Given the pathological intake of linoleic acid promoted by cardiologists and lipidologists working under their cholesterophobic hypothesis it seems perfectly possible that seed oils (and insulin) may well be drivers of the platelet adhesion which is core to the vascular damage in apoE-/- mice. Platelets even carry apoB100 labeled lipoproteins in their cytoplasmic granules which allows us to immuno-stain lipid accumulations with this LDLc implicating flag.
Given lipoproteins which lack apoE on their surface, accumulation of KODA-CP, hyperreactive platelets and a surfeit of insulin we are in a position to understand how the apoE-/- mouse works. Which is cool for those of us who like to understand things.

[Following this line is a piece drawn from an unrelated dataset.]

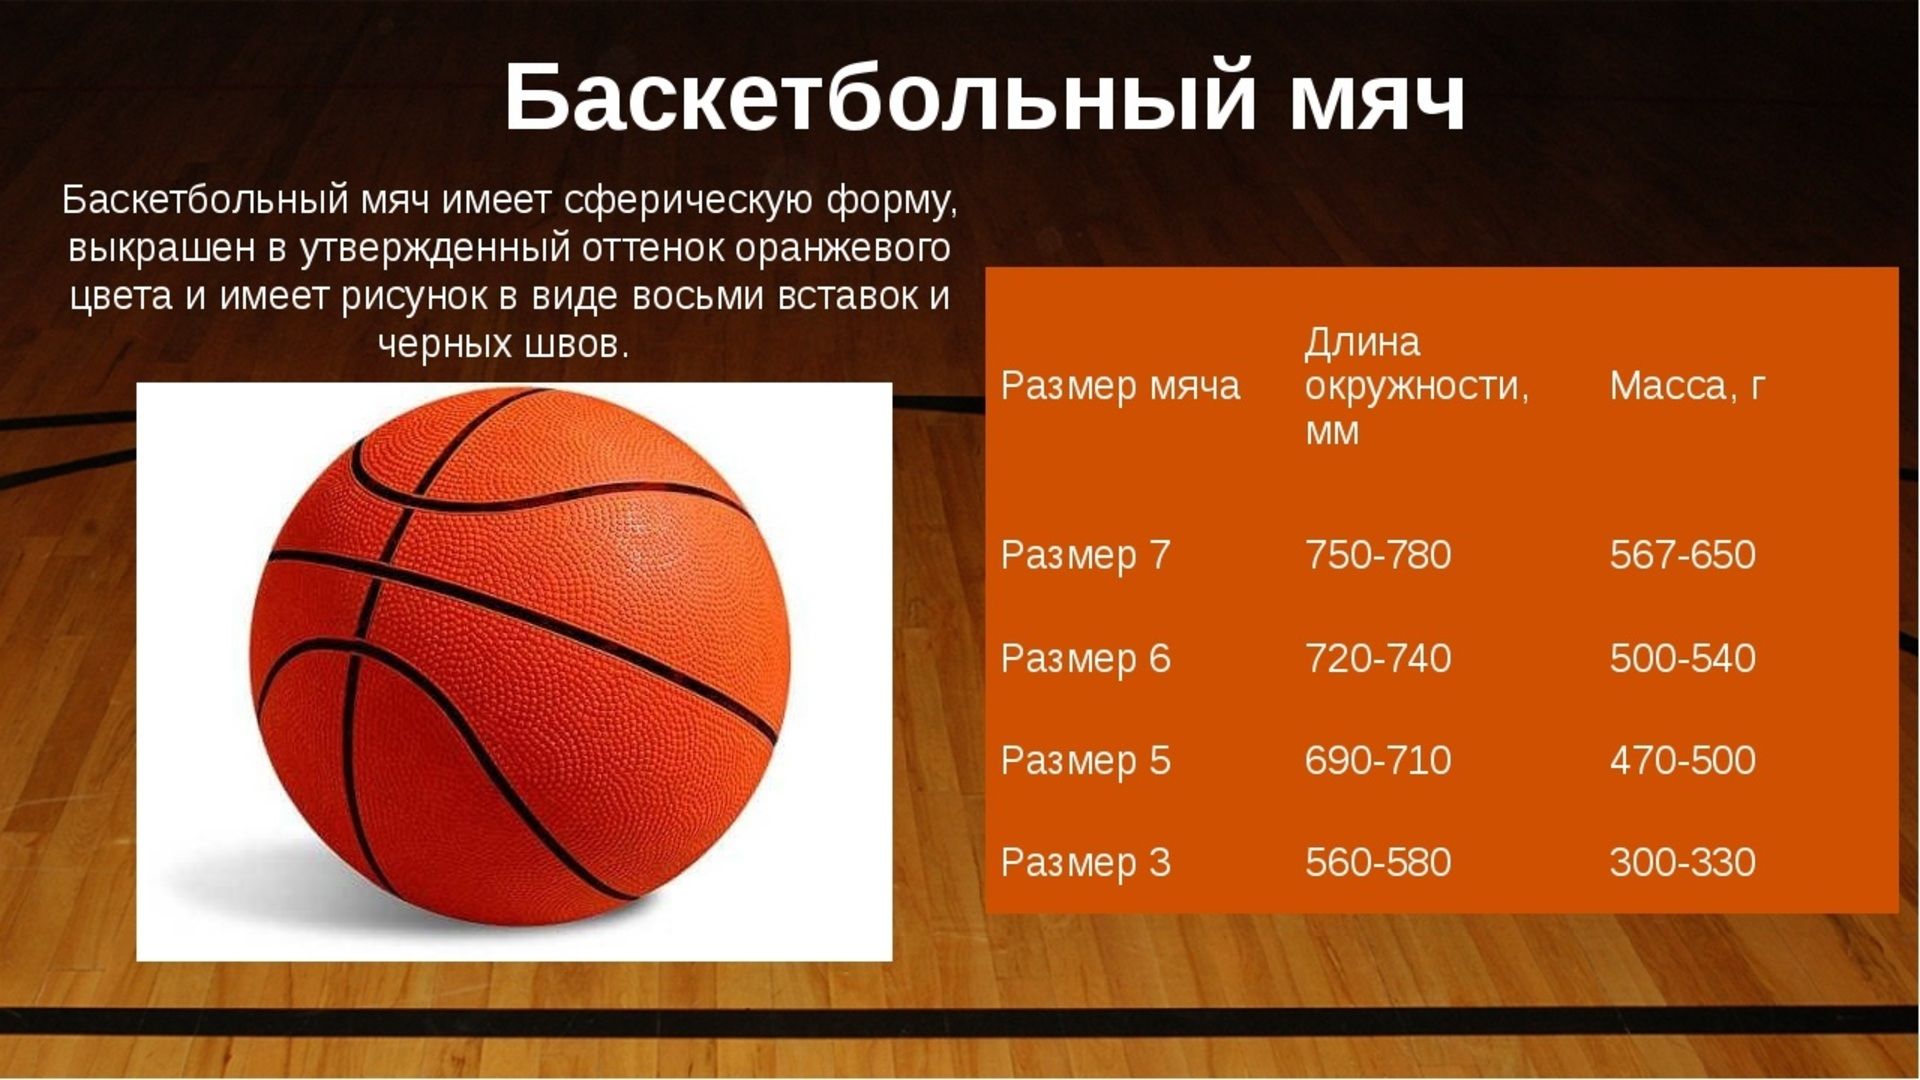 Размеры баскетбольного мяча

How much of this applies to actual human arteriosclerosis? Increasing platelet stickiness will amplify the normal response to arterial injury. I think this may be real. The rest is just a very extreme, rather bad model.
Most models, like this one, are usually useless.
Is it conceivable that cardiological dietary advice represents the exact opposite of the correct approach? That it would actively worsen the problem it is aiming to ameliorate?
Yep. But we knew that anyway.
Increasing linoleic acid in the diet is undoubtedly a facilitator of the generation of KODA-CP and the activation of the subsequent cascade goes a long way to explain the Sydney Diet Heart Study and the Minnesota Coronary Experiment. People died. From corn oil.
I'll stop now.
Some helpful links that didn't integrate neatly in to the text.
Effects of saturated and polyunsaturated fat diets on the chemical composition and metabolism of low density lipoproteins in man (1980, written on papyrus)
Apolipoprotein B release from activated human platelets (1986, probably on parchment, safe to ignore).